Research

Working Papers

Can Loan Prices Inform Investment Decisions? Evidence on the Market Feedback Effects (Job Market Paper, Sole-Authored)

Abstract: Using the secondary market prices of syndicated loans, this paper finds that information in loan prices has real effects on corporate investment decisions. For public firms, the sensitivity of capital expenditure to its loan price is significant, after controlling for its stock price. This sensitivity is higher when loan prices are more informative. In making M&A decisions, public acquirers are less likely to withdraw a deal when their loan returns are higher beyond the stock reactions around the deal announcement. These acquirers show strong learning from their stock prices in deals with private targets, only when their loan return is positive. Without access to stock prices, private firms as acquirers change their focus from their public peers’ valuations to their own loan prices as a direct information source. Private acquirers also disclose a potential deal at an early stage when their loan returns are more positive and the target firm has also traded loans. Evidence from earnings call transcripts confirms managerial attention to the secondary loan market.

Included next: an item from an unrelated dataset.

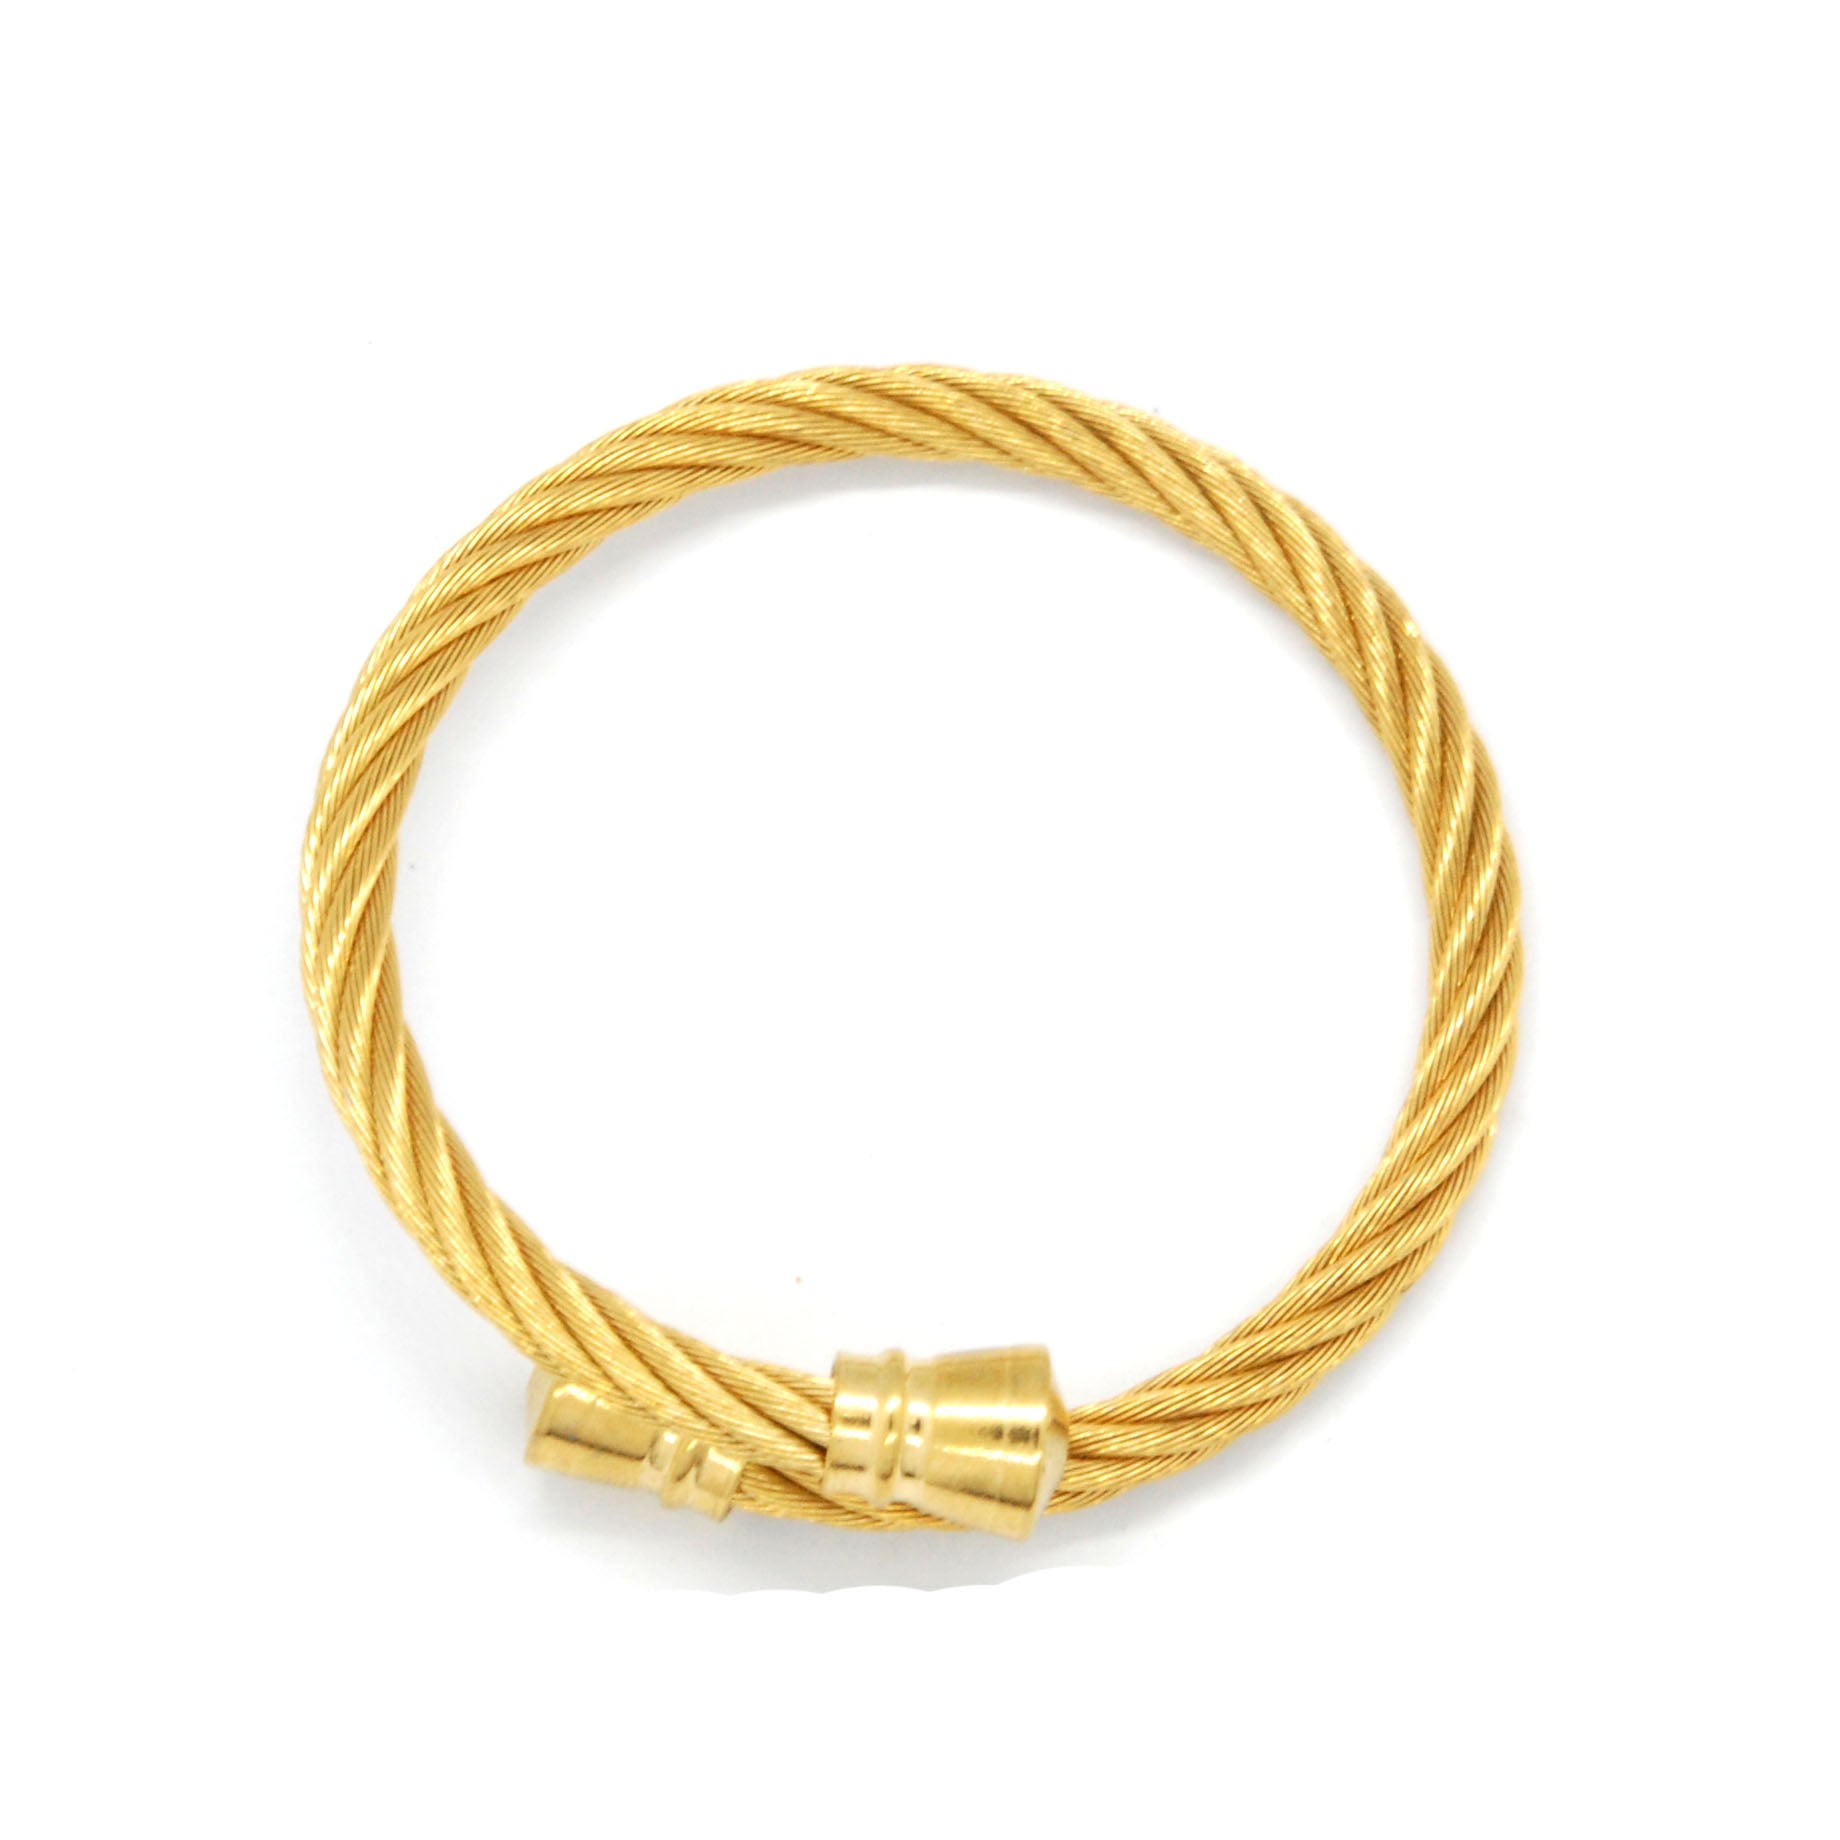 ESBG 6570: Gold-Plated Charriol Bangle w/ Gold-Plated Barrel Ends

Overall, my findings suggest that the development of an active secondary loan market has important implications for managerial learning from the market and decision-making of firms.

Presentations: 2025 FMA Doctoral Student Consortium, University of South Carolina
Does Climate Change Affect Retail Investors? Your Opinion Matters (with Ai He)
2025 FMA Semifinalist of the Best Paper in Asset Pricing & Investments

Abstract: We examine how beliefs and concerns about climate change influence retail investment behavior. Using a decade of county-level data on public opinions regarding global warming across the United States, we construct a novel firm-level measure capturing retail investors’ climate change opinions. We find that, following the disclosure of firm-level climate risk incidents, firms with retail investor bases that hold pro- climate-change opinions experience a significant decline in retail net demand, evident in both retail investors’ marketable orders from TAQ and individual security positions from Robinhood Markets. Such effect is driven by egoistic and altruistic opinions, support for renewable energy, and endorsement of government and school initiatives. In contrast, no similar effect is observed for other environmental or social (ES) risk incidents that are not directly linked to climate change. This effect is more pronounced for firms with characteristics associated with investor local bias and is not driven by demographics or political leanings of retail investors. Our findings suggest that retail investors integrate their opinions about climate change into stock investment and risk management decisions.

Presentations: 2025 FMA, 2025 Alpine Finance Summit, 2025 EasternFA, 2025 Baruch-JFQA Climate Finance and Sustainability Conference (Poster), Emory University, University of South Carolina
A Portrait of SPAC Sponsors: Their Affiliations and Impact on Deal Outcomes (Sole-Authored)

Abstract: The sponsor of a special purpose acquisition company (SPAC) plays an important role in setting up the SPAC and in searching for a private target firm in the deSPACing process. A SPAC sponsor works or competes with an established investment bank in bringing a private firm to the public market. Besides being criticized for receiving high returns, whether they have an impact on deal outcomes remains unknown, and their role in shaping up the investment banking landscape for IPOs is under-studied. This paper fills the gap by uncovering how PE-affiliated sponsors attempt to improve merger outcomes by identifying good-quality private firms via a new listing path. Their performance provides evidence on how rational SPAC deals may benefit both private firms that plan to go public and investors who are interested in investing in private firms.

Presentations: University of South Carolina
The Paycheck Protection Program (PPP) from the Small Business Perspective: Did the PPP Help Alleviate Financial and Economic Constraints? (with John Ampong, Allen N. Berger, Paul G. Freed, Zheyu Qi, and Jonathan A. Scott)

Abstract: We employ two novel datasets to evaluate whether the Paycheck Protection Program (PPP) met short-term and longer-term goals. One dataset matches PPP with small business members of the National Federation of Business (NFIB) that report their financial constraints and their employees’ economic constraints. We find more alleviation of both constraints for PPP recipients, consistent with short-term goals. We employ data on post- versus pre-crisis county employment, wages, and new businesses to test the longer-term goal of improved community crisis recoveries from the short-term constraint relief. We find to the contrary, worse longer-term recoveries in counties with more short-term constraint relief.

Presentations: 2022 SFA, 2022 FMA, Temple University, University of South Carolina

Work in Progress

Mutual fund private firm investments and loan financing (with Donghang Zhang)

Status: We compile a comprehensive dataset on the universe of U.S. active mutual fund investments in private firms, and link it with DealScan. The preliminary results show that private firms with loans and with traded loans are priced differently from non-borrowers based on the valuations of mutual fund investors. Our evidence sheds light on the consequences of blurring the boundaries of private and public companies.